The main components of the experiment were as follows:

(i) rock selection and preliminary testing of coreplugs for permeability/sorption properties;

(ii) computerised tomography (CT) scanning of selected core (before and after core-flooding);

(iii) core-flooding with synthetic brine to give water saturation;

(iv) core-flooding with oil;

(v) chemical analysis of produced fluid samples (brine, oil).

Core selection

The siltstone chosen was from the Cadley Hill A coal mine section of the Westphalian coal measures, East Midlands, UK. An unfractured block was selected and a full length (1000 × 5 cm) core cut and trimmed. Basic data for the core and the initial oil composition are shown in Table 1.
Table 1

Properties of the core and geochemical characteristics of the oil used in the experiment a

Siltstone, Cadley A mine, Leics.

 

   Porosity

ca. 12%

   Permeability (brine)

0.01–0.02 mD

   Total carbon content

0.9%

   Total organic carbon content

0.4%

   Clay content (estimated XRD)

37%

Oil

 

   Saturated hydrocarbons

52.4%

   Aromatic hydrocarbons

29.4%

   Resins (NSO cmpds)

14.5%

   Asphaltenes

3.7%

Carbazole

0.9 μg g-1

   1-Methylcarbazole

1.6 μg g-1

   Benzo[a]carbazole

0.5 μg g-1

   Benzo[c]carbazole

0.2 μg g-1

   Total C0–C2 alkylcarbazoles

20.2 μg g-1

   Sum C2 alkylcarbazoles

15.4 μg g-1

Phenol

28.3 μg g-1

   o-Cresol

13.7 μg g-1

   m-Cresol

3.3 μg g-1

   p-Cresol

5.9 μg g-1

   2-Ethylphenol

3.5 μg g-1

   4-Ethylphenol

2.4 μg g -1

   2-Isopropylphenol

0.8 μg g-1

   3-Isopropylphenol

1.0 μg g -1

a Prefixes C0, C1, C2, C3 refer to the number of alkyl carbon substituents on the basic phenol or carbazole nucleus.

CT scanning

X-ray computerised tomography (CT) scanning of the core with a medical CT scanner before water-flooding and after oil-flooding showed pervasive petroleum flow to have occurred, with no obvious focussing evident (Fig. 1). An iodide enhanced brine was used to improve fluid contrasts. This pervasive flow throughout the core was confirmed subsequently by geochemical analysis of residual core extracts, the results of which will be discussed elsewhere.
https://static-content.springer.com/image/art%3A10.1186%2F1467-4866-1-54/MediaObjects/12932_2000_Article_9_Fig1_HTML.jpg
Figure 1

X-ray tomograms of the whole core prior to flooding with fluid (top), and of the same cross section of the core (bottom), before (left) and after (right) flooding with brine then oil. The bright regions in the CT scans are calcite-filled fractures in the core.

Core-flood

The experimental set-up is shown diagrammatically in Fig. 2. The Viton jacketted core was installed vertically with flow from base to top, parallel to bedding. The oil-flood commenced after initial saturation of the siltstone core with a synthetic N. Sea formation water was achieved.
https://static-content.springer.com/image/art%3A10.1186%2F1467-4866-1-54/MediaObjects/12932_2000_Article_9_Fig2_HTML.jpg
Figure 2

Diagram of the core-flood experimental set-up, with the actual lab set-up shown right. The core-flood cell was maintained at 7000 psi confining pressure and 70°C. Pressure differential across P0/P1 = 700 psi.

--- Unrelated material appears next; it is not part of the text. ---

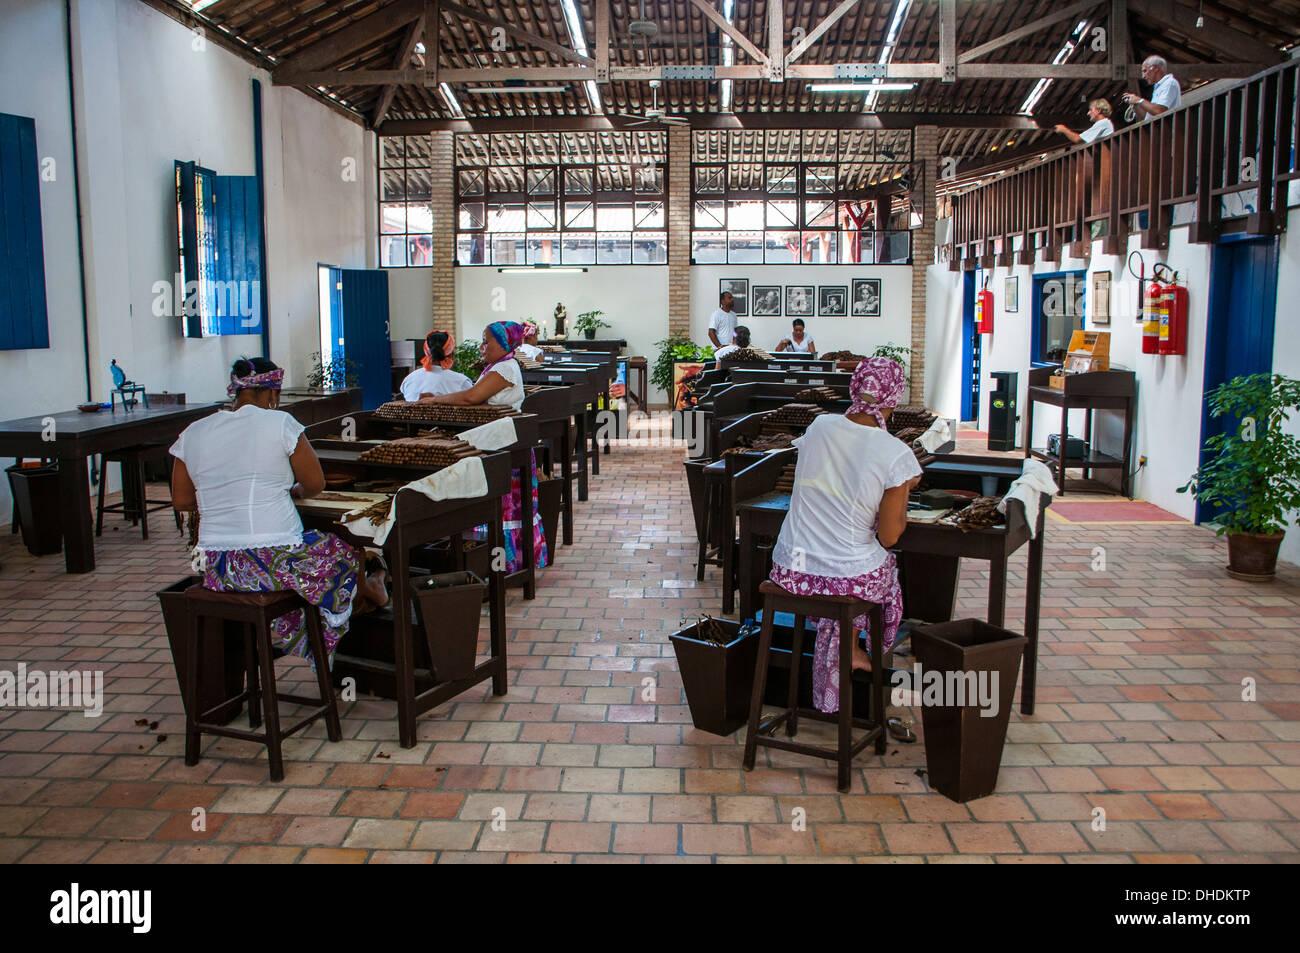 Women rolling cigars in the Dannemann cigar company in Cachoeira, Bahia, Brazil - Stock Image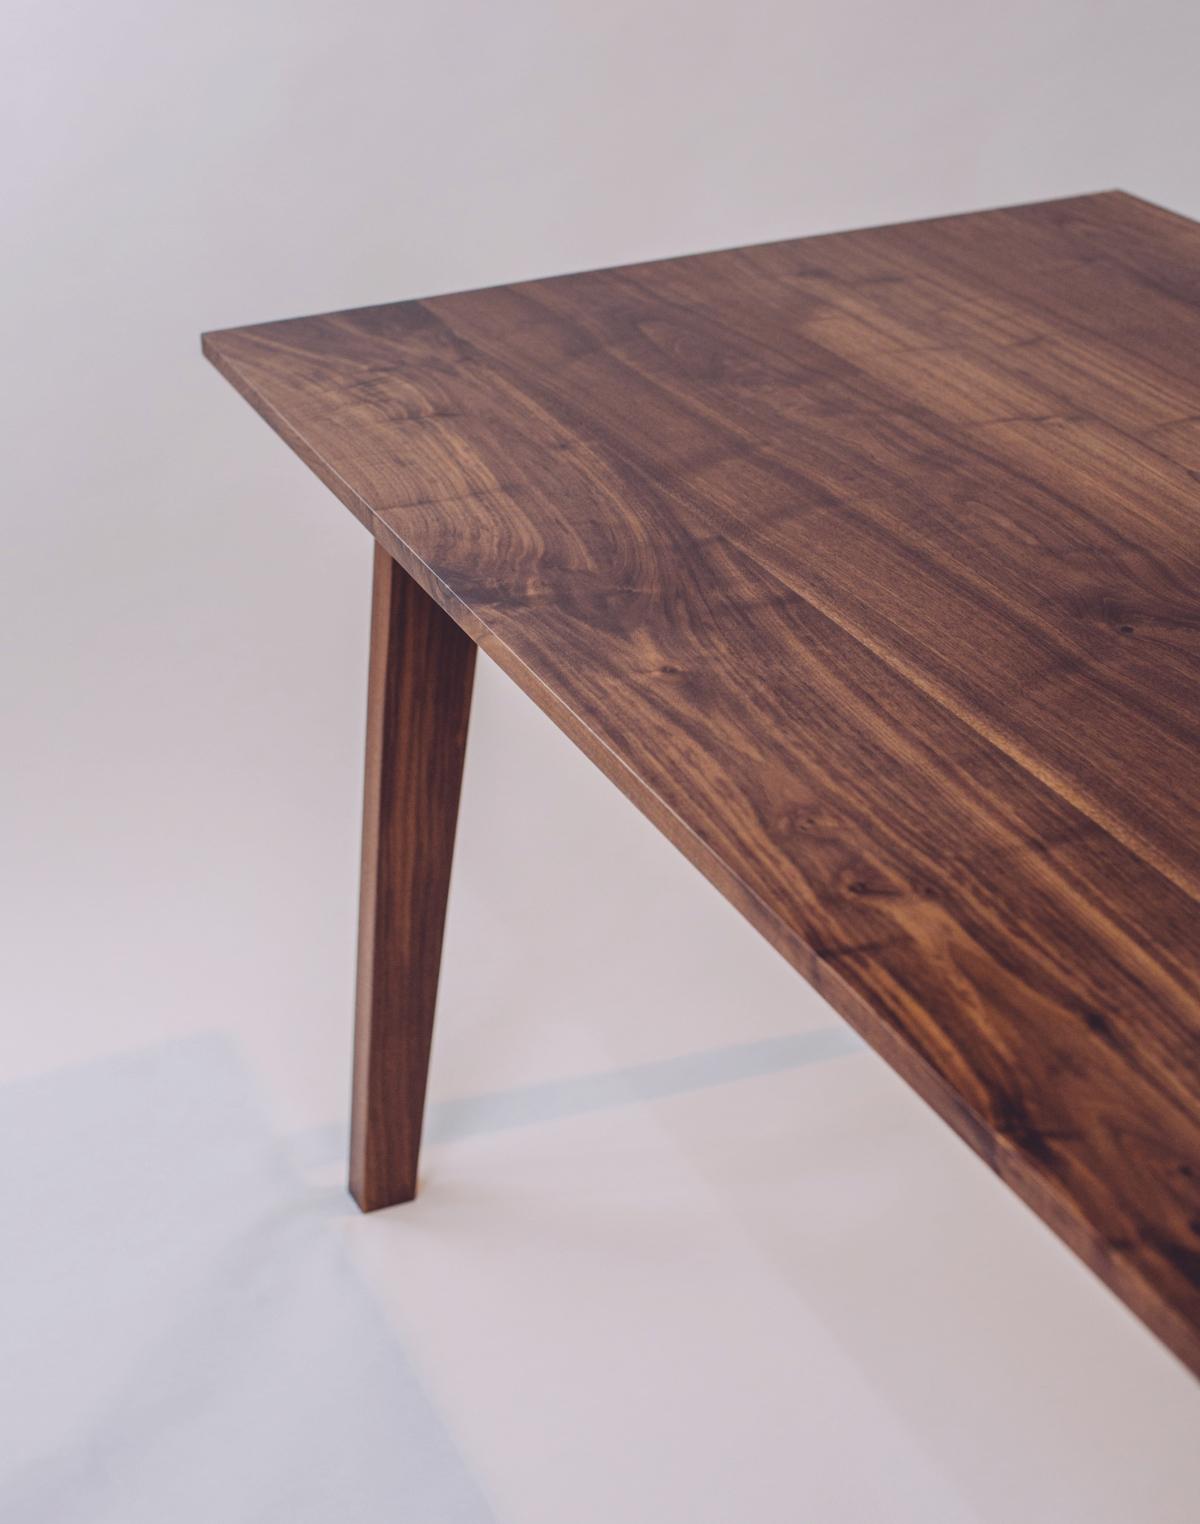 skana table_190619.jpg

A typical 41° API gravity, non-biodegraded North Sea black oil was filtered (0.45 μm mesh sieve) and homogenised prior to sub-sampling. A 400 ml volume of oil was taken for the main charge. Five additional sub-samples were taken and mixed with different aliphatic hydrocarbon standards (at 10 mg g-1 oil) to form five distinct spiked oils of essentially the same composition as the main oil but which could be differentiated by gas chromatography to track oil movement through the core. For practical reasons no hydrocarbon solution gas was present, although the oils were saturated with nitrogen prior to injection; this is thought unlikely to affect the results observed.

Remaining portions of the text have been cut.